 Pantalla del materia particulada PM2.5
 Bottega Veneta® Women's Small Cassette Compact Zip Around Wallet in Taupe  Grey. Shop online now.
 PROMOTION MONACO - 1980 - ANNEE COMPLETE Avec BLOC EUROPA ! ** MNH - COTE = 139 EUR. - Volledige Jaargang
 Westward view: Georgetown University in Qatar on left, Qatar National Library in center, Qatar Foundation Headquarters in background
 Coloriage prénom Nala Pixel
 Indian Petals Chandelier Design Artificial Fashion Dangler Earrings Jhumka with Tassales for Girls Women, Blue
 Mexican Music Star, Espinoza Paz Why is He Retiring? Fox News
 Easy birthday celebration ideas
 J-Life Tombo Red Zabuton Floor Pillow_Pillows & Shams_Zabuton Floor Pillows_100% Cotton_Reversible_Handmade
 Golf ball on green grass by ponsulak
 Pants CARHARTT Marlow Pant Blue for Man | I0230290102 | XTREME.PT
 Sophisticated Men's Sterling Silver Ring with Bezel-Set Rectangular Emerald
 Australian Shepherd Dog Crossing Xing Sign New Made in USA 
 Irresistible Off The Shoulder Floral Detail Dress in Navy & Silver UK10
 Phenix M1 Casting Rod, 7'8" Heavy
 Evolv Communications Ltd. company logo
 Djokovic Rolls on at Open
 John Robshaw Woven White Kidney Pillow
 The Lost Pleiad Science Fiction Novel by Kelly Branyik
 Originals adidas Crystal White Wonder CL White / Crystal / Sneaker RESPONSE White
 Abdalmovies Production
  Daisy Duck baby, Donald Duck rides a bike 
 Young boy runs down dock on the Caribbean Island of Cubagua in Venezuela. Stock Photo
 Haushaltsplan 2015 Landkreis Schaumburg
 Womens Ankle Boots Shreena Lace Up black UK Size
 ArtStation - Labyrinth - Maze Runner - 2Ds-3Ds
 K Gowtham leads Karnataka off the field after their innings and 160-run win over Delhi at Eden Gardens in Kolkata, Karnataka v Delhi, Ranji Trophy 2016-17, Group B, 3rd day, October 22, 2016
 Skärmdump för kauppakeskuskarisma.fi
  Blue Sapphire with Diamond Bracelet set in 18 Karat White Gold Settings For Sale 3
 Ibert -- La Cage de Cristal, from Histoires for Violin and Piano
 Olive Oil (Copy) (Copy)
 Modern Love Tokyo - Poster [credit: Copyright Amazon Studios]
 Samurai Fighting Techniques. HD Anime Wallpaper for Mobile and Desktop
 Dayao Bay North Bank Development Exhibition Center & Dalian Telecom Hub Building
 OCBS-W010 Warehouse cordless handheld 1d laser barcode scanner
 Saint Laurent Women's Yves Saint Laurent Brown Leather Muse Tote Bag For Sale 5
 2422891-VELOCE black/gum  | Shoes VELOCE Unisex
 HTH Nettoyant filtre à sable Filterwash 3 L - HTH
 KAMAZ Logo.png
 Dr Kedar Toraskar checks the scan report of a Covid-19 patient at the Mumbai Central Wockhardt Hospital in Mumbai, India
■ ■ ■
→ TASK TO CARRY OUT
Look above for lines with the word "White" and copy them all.

→ ANSWER FOR THE TASK
 John Robshaw Woven White Kidney Pillow
 Originals adidas Crystal White Wonder CL White / Crystal / Sneaker RESPONSE White
  Blue Sapphire with Diamond Bracelet set in 18 Karat White Gold Settings For Sale 3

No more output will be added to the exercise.